Data records
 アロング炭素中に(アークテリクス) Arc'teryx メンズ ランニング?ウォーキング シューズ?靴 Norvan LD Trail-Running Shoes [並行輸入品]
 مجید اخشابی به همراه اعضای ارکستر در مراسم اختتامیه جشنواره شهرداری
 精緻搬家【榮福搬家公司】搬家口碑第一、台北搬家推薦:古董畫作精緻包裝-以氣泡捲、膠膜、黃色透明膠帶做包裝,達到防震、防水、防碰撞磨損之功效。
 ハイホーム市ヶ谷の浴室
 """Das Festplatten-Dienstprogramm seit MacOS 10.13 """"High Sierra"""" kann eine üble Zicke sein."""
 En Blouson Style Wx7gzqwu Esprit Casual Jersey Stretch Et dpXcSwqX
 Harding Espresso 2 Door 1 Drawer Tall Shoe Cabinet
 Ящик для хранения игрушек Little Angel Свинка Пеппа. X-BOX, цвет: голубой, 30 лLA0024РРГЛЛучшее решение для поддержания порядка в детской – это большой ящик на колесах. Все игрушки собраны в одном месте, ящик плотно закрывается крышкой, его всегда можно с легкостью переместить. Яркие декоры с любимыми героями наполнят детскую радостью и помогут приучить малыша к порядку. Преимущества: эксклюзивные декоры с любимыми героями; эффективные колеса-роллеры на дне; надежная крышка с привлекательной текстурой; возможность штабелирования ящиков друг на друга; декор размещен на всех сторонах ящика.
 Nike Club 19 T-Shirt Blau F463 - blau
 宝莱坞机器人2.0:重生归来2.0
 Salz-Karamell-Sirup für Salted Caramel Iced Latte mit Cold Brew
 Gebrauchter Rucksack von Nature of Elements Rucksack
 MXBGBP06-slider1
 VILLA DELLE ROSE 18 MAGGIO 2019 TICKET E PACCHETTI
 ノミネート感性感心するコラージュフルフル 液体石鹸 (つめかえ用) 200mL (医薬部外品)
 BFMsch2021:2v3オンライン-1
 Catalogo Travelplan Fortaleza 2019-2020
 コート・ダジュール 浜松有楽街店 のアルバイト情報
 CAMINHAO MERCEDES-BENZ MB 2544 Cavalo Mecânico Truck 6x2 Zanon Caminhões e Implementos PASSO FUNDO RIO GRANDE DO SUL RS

| TASK DESCRIPTION |
Starting with the first line of the records above, give back each line exactly until the line with "Harding Espresso 2" has been given as well.

| RESPONSE TO THIS EXERCISE |
 アロング炭素中に(アークテリクス) Arc'teryx メンズ ランニング?ウォーキング シューズ?靴 Norvan LD Trail-Running Shoes [並行輸入品]
 مجید اخشابی به همراه اعضای ارکستر در مراسم اختتامیه جشنواره شهرداری
 精緻搬家【榮福搬家公司】搬家口碑第一、台北搬家推薦:古董畫作精緻包裝-以氣泡捲、膠膜、黃色透明膠帶做包裝,達到防震、防水、防碰撞磨損之功效。
 ハイホーム市ヶ谷の浴室
 """Das Festplatten-Dienstprogramm seit MacOS 10.13 """"High Sierra"""" kann eine üble Zicke sein."""
 En Blouson Style Wx7gzqwu Esprit Casual Jersey Stretch Et dpXcSwqX
 Harding Espresso 2 Door 1 Drawer Tall Shoe Cabinet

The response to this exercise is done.